The FASB first floated the idea toward the end of April. Under the proposal, private companies and private not-for-profit organizations would have the option to apply the new leases standard for fiscal years beginning after Dec. 15, 2021, and to interim periods within fiscal years beginning after Dec. 15, 2022. Public not-for-profit organizations that have not yet issued financial statements would have the option to apply the standard for fiscal years beginning after Dec. 15, 2019, including interim periods within those fiscal years. (The FASB includes in this category not-for-profit organizations that have issued, or are conduit bond obligors for, securities that are traded, listed or quoted on an exchange or an over-the-counter market.)

The proposed effective date deferral for revenue recognition would have been limited to private company franchisors.
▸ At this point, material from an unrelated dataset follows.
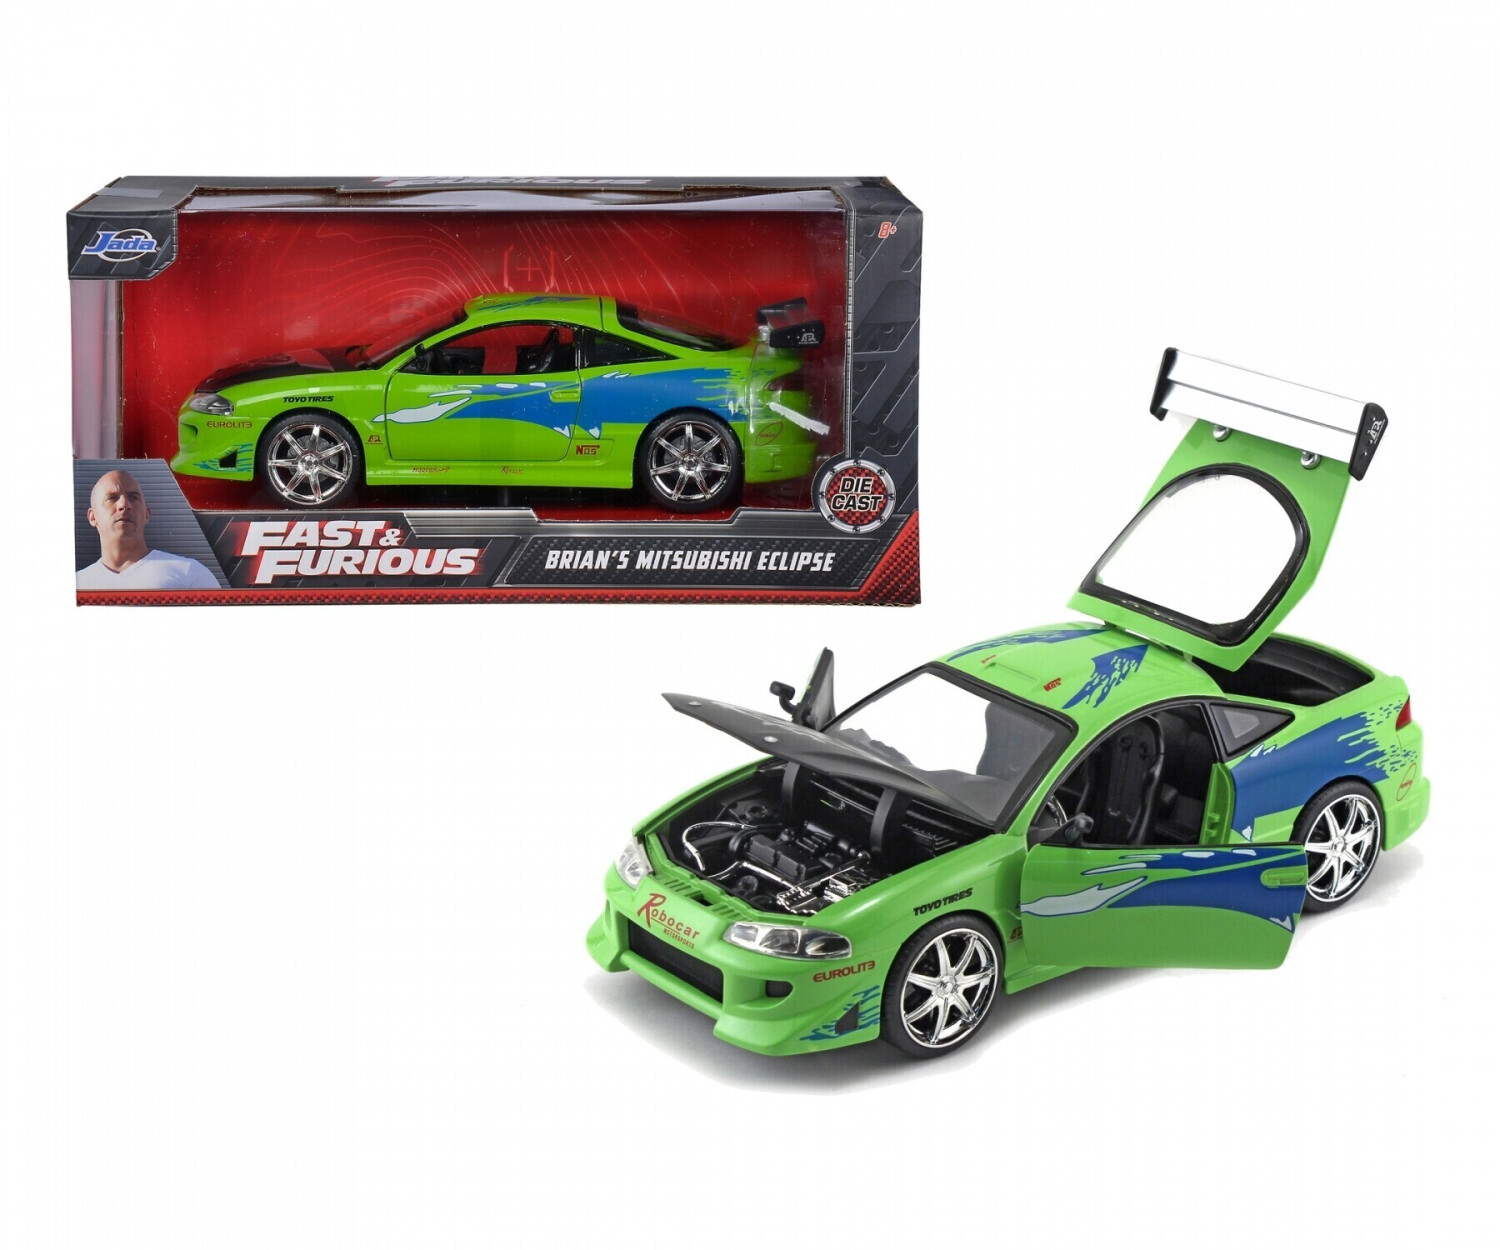 Voiture miniature fast and furious - Cdiscount

Those stakeholders would have had the option to apply the new standard for annual reporting periods beginning after Dec. 15, 2019, and interim reporting periods within annual reporting periods beginning after Dec. 15, 2020.

At its May 20 meeting, the FASB approved not only delaying the effective date delay for leases, but also expanding the scope of the proposal regarding revenue recognition to any private entity that has not yet adopted the standard, not just franchisors, in response to feedback from stakeholders.
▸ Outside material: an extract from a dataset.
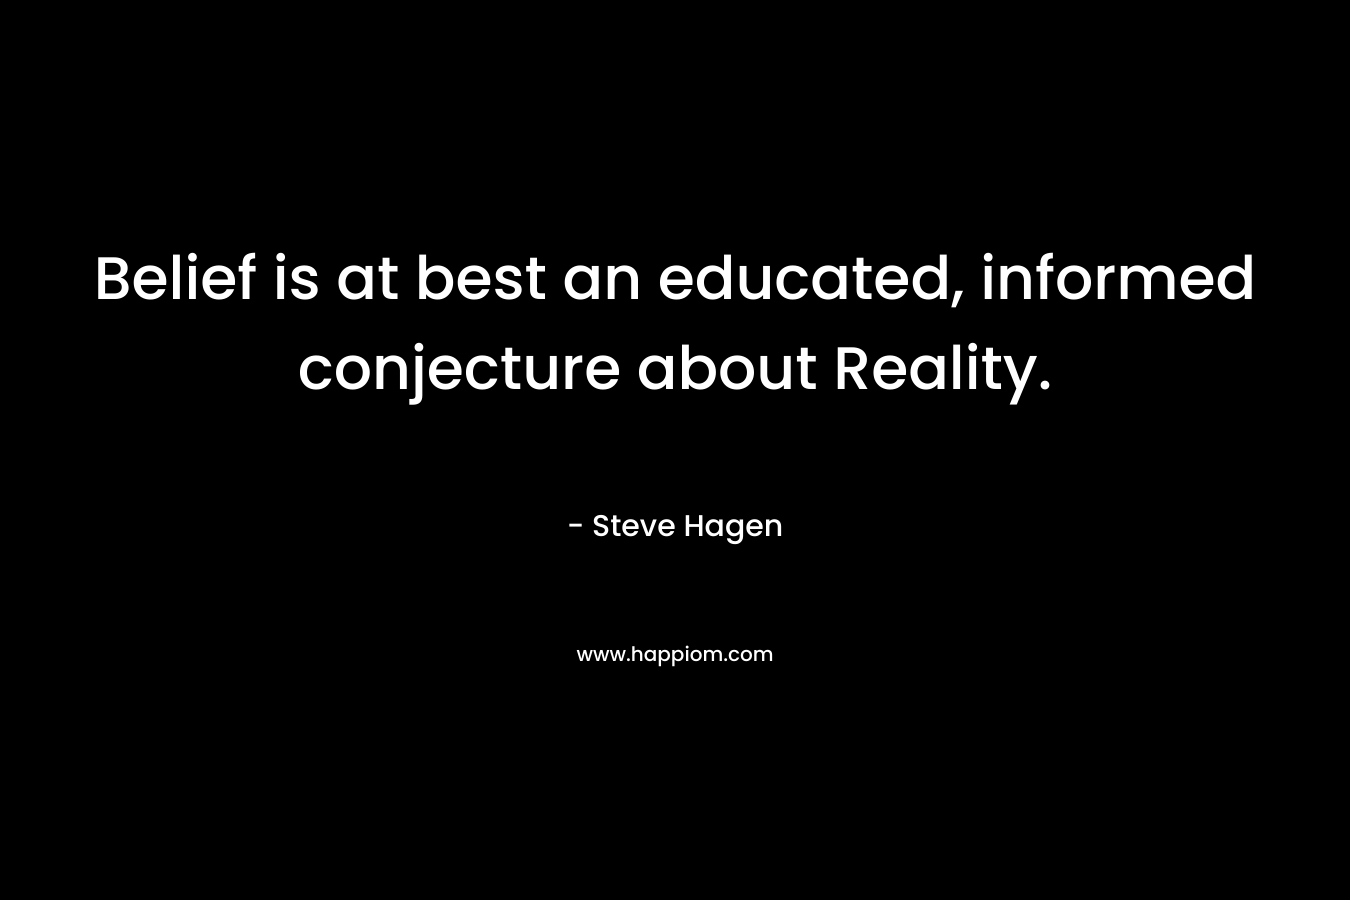 Belief is at best an educated, informed conjecture about Reality. – Steve Hagen

Board member James Kroeker, in voicing his approval for this expansion, said that timing was the main factor, noting that this is not a good time for companies to have to adopt a new accounting standard.

"The reason I would support the deferral for revenue recognition for privates and not-for- profits that had not yet adopted simply has to do with timing, that is, the time period in which they're trying to close their books [while] the auditors couldn't be there was perhaps the most inconvenient time, or more difficult time, in terms of adoption if someone had not yet adopted," he said.